== Material to process ==
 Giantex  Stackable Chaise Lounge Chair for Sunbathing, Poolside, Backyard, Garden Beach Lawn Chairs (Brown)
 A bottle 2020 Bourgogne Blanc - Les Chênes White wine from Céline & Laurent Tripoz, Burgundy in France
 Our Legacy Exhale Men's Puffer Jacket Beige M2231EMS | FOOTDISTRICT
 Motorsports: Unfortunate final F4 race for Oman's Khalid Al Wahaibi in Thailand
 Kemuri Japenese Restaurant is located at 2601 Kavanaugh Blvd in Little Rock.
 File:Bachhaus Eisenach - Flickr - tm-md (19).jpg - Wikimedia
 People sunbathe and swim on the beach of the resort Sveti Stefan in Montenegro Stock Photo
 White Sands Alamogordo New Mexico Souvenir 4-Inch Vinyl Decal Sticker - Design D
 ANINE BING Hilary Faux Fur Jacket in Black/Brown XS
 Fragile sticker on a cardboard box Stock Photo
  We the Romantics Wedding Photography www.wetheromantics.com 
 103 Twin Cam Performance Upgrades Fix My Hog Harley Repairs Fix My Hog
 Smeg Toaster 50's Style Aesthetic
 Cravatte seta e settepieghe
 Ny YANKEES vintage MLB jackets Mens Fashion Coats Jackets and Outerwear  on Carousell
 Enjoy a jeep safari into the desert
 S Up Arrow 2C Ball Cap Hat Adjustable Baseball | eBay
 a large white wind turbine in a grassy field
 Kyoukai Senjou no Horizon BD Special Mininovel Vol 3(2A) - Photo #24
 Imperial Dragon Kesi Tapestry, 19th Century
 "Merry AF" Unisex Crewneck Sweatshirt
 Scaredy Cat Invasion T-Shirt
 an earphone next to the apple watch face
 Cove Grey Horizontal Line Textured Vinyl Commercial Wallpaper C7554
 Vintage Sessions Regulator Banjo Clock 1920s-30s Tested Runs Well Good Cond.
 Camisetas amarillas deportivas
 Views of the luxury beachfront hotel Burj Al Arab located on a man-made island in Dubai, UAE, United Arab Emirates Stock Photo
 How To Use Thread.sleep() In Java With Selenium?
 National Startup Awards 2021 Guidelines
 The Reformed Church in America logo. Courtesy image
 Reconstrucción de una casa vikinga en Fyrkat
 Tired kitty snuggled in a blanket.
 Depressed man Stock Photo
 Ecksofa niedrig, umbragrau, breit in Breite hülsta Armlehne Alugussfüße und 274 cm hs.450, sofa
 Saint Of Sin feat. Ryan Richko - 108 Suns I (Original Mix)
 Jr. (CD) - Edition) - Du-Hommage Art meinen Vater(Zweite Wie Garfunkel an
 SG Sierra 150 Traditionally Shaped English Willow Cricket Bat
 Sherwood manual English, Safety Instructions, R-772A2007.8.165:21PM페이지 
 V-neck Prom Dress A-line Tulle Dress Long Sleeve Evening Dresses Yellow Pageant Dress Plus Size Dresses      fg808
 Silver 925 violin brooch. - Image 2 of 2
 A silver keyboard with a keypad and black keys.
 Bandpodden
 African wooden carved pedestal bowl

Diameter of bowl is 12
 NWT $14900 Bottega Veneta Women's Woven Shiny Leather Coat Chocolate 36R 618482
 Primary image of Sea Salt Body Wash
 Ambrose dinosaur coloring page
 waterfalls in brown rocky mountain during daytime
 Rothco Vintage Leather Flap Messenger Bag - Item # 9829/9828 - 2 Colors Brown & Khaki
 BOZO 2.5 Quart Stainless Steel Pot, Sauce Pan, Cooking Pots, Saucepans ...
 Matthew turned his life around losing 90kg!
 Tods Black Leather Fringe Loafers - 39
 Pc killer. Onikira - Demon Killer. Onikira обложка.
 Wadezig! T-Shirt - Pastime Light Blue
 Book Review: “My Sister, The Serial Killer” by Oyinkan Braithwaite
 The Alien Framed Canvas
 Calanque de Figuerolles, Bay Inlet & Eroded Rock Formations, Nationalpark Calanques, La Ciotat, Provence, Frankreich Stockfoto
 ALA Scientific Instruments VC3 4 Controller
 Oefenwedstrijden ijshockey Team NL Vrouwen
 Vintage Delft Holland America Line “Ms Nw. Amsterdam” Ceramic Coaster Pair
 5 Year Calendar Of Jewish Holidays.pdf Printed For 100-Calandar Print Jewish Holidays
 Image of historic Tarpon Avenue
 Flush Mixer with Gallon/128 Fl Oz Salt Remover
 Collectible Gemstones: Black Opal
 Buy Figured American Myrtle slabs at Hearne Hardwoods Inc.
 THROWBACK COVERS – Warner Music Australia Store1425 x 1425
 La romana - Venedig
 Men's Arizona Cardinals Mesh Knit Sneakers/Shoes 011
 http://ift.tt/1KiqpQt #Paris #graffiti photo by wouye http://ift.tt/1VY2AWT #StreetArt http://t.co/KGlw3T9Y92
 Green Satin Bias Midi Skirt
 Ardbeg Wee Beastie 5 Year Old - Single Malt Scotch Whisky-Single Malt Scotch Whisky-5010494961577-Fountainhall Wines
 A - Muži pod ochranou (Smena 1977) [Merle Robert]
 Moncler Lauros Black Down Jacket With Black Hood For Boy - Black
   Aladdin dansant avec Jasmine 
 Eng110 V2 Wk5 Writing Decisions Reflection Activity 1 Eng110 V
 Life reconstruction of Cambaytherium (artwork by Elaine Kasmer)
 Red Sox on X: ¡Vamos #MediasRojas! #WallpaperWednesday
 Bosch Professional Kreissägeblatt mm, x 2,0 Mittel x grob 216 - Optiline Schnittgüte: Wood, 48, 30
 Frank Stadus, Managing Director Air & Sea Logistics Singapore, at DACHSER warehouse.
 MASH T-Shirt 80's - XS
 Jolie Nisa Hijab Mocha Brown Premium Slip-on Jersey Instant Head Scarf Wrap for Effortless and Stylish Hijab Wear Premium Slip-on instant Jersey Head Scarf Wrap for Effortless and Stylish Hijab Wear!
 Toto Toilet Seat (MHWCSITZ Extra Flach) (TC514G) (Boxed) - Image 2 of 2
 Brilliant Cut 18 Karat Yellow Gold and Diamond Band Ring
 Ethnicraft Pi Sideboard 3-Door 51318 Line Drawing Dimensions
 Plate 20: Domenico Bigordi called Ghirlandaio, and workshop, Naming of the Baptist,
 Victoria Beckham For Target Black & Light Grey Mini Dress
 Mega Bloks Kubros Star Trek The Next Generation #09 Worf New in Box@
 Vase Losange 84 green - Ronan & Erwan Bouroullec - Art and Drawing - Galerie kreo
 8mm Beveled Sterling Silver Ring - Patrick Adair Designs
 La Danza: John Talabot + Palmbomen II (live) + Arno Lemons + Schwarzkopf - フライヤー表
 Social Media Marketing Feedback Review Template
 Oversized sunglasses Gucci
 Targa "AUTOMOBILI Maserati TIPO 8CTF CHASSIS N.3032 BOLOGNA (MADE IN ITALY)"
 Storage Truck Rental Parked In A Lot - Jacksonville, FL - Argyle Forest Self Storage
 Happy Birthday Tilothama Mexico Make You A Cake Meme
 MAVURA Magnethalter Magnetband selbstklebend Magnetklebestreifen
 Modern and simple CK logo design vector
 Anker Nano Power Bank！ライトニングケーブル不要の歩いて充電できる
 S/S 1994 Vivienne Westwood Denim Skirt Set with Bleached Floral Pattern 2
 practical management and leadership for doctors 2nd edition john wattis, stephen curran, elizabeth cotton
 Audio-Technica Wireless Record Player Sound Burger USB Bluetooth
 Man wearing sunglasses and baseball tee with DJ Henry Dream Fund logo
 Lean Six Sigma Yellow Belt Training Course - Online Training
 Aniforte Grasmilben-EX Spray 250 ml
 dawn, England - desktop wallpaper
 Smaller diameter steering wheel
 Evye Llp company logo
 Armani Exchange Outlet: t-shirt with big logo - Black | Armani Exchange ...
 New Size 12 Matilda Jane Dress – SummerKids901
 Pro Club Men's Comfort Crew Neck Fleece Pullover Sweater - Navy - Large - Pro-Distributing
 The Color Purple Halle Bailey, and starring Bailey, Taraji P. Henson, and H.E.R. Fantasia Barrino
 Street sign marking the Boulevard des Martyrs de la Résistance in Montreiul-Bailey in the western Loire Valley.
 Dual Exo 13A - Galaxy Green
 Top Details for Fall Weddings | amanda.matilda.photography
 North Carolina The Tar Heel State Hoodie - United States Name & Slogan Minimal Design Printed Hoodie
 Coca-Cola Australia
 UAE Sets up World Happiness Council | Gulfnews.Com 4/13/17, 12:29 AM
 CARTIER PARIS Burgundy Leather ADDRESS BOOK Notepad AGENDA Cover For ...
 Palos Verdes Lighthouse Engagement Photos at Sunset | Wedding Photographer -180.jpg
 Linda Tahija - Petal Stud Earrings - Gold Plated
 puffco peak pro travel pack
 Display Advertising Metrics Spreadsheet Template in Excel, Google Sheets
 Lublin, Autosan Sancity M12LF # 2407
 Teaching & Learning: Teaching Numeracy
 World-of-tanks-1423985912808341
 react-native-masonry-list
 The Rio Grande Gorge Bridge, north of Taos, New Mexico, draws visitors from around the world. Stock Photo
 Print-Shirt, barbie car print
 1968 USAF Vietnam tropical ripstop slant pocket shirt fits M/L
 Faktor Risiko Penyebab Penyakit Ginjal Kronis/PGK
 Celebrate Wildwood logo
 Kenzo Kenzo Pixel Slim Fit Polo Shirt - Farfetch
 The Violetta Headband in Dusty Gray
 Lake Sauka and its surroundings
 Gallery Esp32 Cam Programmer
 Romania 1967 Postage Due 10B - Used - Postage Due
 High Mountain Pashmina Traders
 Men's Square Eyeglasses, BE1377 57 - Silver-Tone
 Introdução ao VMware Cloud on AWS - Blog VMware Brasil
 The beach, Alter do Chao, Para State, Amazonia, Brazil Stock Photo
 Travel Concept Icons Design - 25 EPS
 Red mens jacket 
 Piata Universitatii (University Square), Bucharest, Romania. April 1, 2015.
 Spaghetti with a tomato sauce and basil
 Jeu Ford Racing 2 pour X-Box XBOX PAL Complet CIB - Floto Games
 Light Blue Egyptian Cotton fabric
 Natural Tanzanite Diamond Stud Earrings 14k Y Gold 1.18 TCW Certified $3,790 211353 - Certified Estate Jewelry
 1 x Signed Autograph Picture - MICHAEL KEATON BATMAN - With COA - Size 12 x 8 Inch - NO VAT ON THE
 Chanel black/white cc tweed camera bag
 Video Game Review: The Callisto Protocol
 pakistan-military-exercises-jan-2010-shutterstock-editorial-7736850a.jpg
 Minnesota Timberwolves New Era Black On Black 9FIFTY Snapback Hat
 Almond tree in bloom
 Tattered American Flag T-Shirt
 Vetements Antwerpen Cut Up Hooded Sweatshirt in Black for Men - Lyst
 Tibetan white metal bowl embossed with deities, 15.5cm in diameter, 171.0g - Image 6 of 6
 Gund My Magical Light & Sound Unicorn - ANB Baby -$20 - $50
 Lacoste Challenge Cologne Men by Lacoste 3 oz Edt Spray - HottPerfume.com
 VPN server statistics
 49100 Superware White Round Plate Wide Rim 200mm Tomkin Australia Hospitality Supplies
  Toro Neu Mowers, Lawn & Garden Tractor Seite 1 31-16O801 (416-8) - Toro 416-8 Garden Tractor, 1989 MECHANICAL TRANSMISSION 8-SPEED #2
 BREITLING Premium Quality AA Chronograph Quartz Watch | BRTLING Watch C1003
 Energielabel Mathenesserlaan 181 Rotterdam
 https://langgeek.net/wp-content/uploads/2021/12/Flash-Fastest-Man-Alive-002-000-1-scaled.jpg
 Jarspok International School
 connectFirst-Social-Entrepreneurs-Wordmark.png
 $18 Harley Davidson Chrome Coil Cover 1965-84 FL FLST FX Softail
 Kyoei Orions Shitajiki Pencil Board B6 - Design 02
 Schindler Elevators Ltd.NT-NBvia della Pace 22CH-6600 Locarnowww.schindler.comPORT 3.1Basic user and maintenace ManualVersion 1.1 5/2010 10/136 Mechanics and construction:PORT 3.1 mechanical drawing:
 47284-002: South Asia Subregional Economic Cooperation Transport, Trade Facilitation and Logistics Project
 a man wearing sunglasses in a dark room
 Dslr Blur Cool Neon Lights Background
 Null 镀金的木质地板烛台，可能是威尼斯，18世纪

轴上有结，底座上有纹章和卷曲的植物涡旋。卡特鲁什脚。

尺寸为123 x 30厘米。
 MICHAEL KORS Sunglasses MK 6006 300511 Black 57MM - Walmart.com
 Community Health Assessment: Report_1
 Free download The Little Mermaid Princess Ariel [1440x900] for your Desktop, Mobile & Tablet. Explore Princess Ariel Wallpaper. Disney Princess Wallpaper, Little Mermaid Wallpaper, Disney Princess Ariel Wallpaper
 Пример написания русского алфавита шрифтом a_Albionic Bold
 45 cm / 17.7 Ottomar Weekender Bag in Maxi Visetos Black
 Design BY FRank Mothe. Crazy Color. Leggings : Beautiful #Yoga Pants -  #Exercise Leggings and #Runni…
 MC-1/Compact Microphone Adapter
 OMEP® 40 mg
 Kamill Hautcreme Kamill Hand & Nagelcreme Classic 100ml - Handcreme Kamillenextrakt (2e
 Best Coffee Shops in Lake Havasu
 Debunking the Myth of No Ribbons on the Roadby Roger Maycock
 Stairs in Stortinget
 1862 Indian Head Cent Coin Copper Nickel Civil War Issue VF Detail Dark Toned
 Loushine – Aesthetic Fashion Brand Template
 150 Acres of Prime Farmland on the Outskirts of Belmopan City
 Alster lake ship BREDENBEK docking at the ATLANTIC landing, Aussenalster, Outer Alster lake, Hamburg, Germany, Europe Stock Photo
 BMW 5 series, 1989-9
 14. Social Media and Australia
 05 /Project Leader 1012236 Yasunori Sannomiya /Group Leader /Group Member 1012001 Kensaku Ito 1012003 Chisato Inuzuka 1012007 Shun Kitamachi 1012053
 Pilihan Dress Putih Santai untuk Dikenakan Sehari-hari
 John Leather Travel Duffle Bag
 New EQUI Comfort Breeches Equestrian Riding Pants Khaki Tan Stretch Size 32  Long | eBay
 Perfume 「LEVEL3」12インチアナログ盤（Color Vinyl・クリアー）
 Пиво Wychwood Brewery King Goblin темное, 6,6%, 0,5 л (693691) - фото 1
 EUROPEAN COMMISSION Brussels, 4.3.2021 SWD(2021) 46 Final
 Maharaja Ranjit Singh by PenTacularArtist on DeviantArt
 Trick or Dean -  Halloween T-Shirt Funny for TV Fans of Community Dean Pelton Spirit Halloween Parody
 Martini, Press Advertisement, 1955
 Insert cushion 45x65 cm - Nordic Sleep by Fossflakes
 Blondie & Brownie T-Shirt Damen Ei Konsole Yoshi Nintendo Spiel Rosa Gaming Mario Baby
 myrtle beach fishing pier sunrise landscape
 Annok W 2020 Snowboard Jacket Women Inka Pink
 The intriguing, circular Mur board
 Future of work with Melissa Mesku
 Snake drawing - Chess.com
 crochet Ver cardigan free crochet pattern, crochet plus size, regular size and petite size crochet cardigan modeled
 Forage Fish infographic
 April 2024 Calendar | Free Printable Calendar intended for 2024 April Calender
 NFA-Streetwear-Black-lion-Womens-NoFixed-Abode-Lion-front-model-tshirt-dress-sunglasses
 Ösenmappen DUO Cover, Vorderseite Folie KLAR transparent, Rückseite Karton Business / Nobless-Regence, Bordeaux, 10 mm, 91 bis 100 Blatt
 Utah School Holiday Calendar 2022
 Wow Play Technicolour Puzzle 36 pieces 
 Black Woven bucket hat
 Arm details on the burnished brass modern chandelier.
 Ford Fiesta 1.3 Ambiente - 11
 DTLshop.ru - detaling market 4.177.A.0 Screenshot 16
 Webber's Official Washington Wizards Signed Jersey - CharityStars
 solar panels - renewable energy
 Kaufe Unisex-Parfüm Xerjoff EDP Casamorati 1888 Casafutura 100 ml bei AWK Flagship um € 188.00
===
◆ Task prompt:
Wherever the string "Stud" occurs in the entries, copy that whole line.

◆ Solution for this task:
 Linda Tahija - Petal Stud Earrings - Gold Plated
 Natural Tanzanite Diamond Stud Earrings 14k Y Gold 1.18 TCW Certified $3,790 211353 - Certified Estate Jewelry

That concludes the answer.